In 2022, 25 percent, or 393 of 1,494 people arrested for burglary, committed another felony within 60 days, Adams said. “In 2017, however, just 7.7 percent went on to commit another crime,” he added.

Meanwhile, the 60-day recidivism rate for grand larceny in 2022 was 16.8 percent, or 310 people. In 2017, the rate was 6.5 percent, Adams noted. The rate for grand larceny auto in 2022 is 20 percent, or 125 people, compared to the rate in 2017 of 10.3 percent, he said.

“The number of individuals arrested three or more times in a calendar year for crimes including robbery, burglary, and grand larceny, among others, has increased through the first six months of 2022, compared with crime in the years prior to the onset of the global pandemic,” the release states.

“For example, 211 individuals logged at least three arrests for burglary through June 2022, a 142.5 percent increase compared with the 87 individuals arrested at least three times for burglary in the first six months of 2017. For shoplifting, 899 people have been arrested three times for that crime through June 2022, an 88.9 percent increase over the 476 individuals arrested three times for shoplifting through June of 2017.”

Ten of the “worst-of-the-worst” alleged repeat offenders have been arrested for nearly 500 crimes since the 2019 bail reforms were passed.

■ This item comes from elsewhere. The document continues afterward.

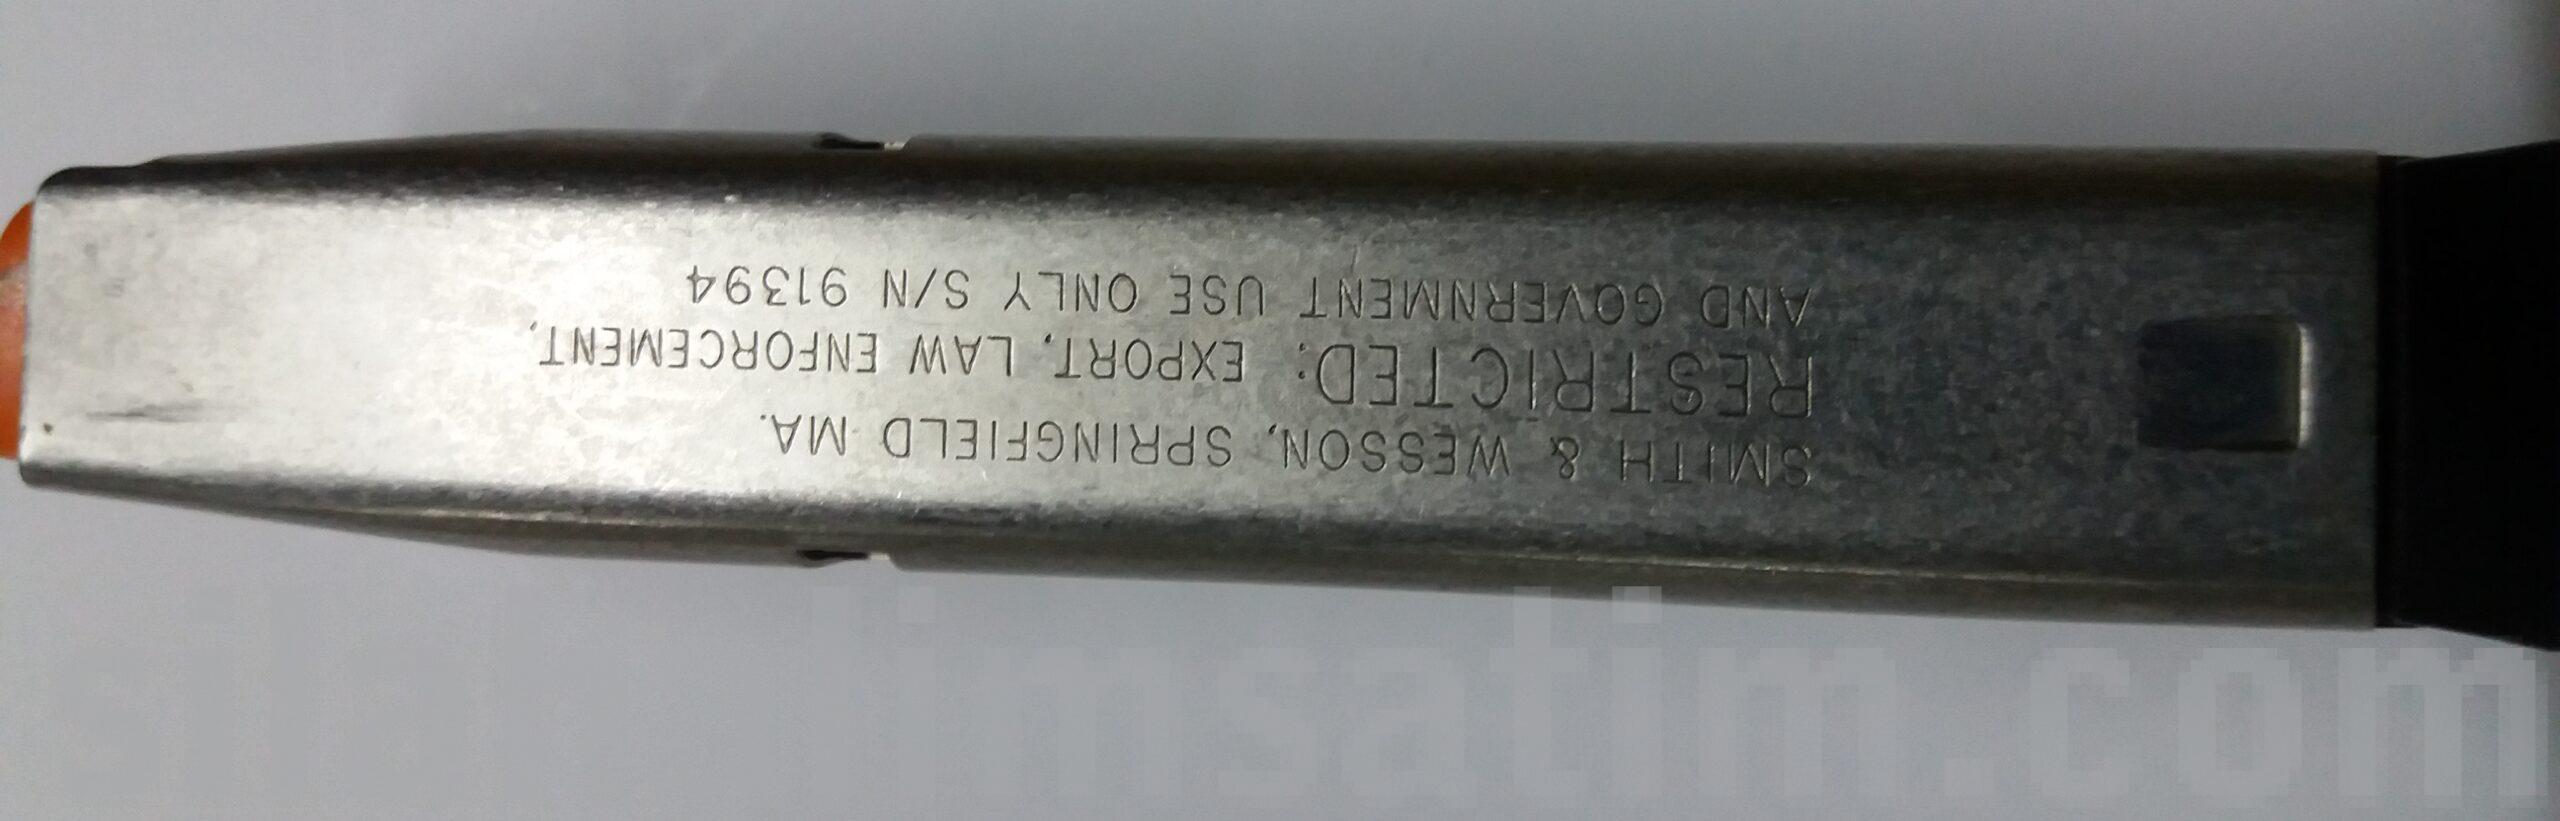 Smith&Wesson 5906 orjinal şarjör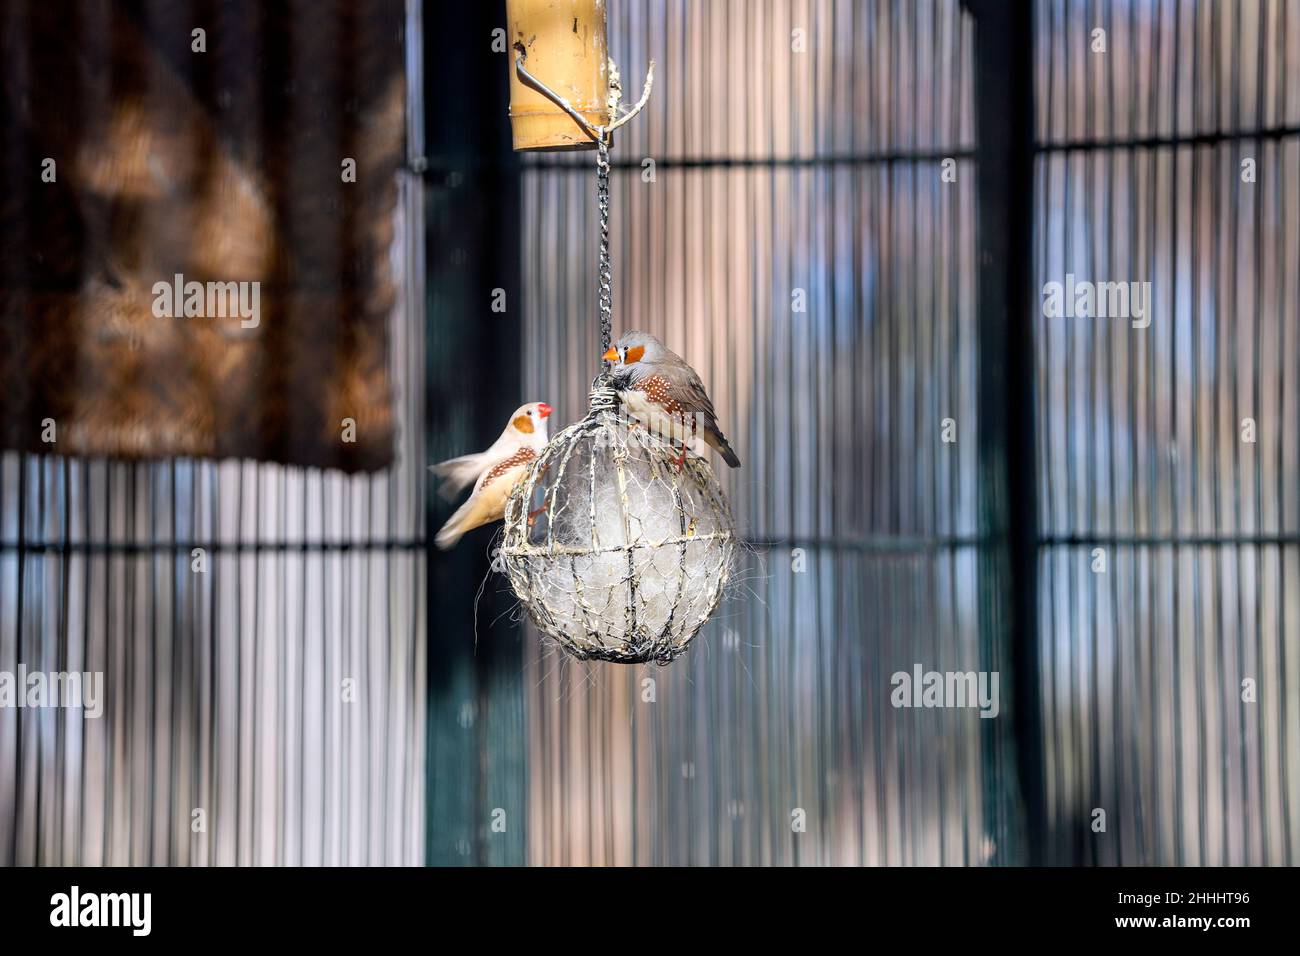 finch zébré australien domestiqué, Taeniopygia castaanotis, Pajarera, cage à oiseaux, jardin de l'île, Aranjuez, Madrid, Espagne Banque D'Images

The release from Adams’s office also noted that overall arrests increased by 24 percent in 2022, compared with the same period in 2021. Arrests for the seven major felony crimes increased by about 29 percent compared with the same period last year. Meanwhile, firearms arrests are at a 27-year high.

Sewell clarified in a statement that she believes nonviolent, first-time offenders “deserve a second chance, as the spirit of the state’s 2020 criminal justice reforms envisioned.”

“However, judges should be given the ability to hold career and violent criminals in custody pending trial,” she said. “We need to maintain the reforms we all agree on, yet at the same time pull together to keep New Yorkers from being harmed. Our collective focus must be on the victims of crime.”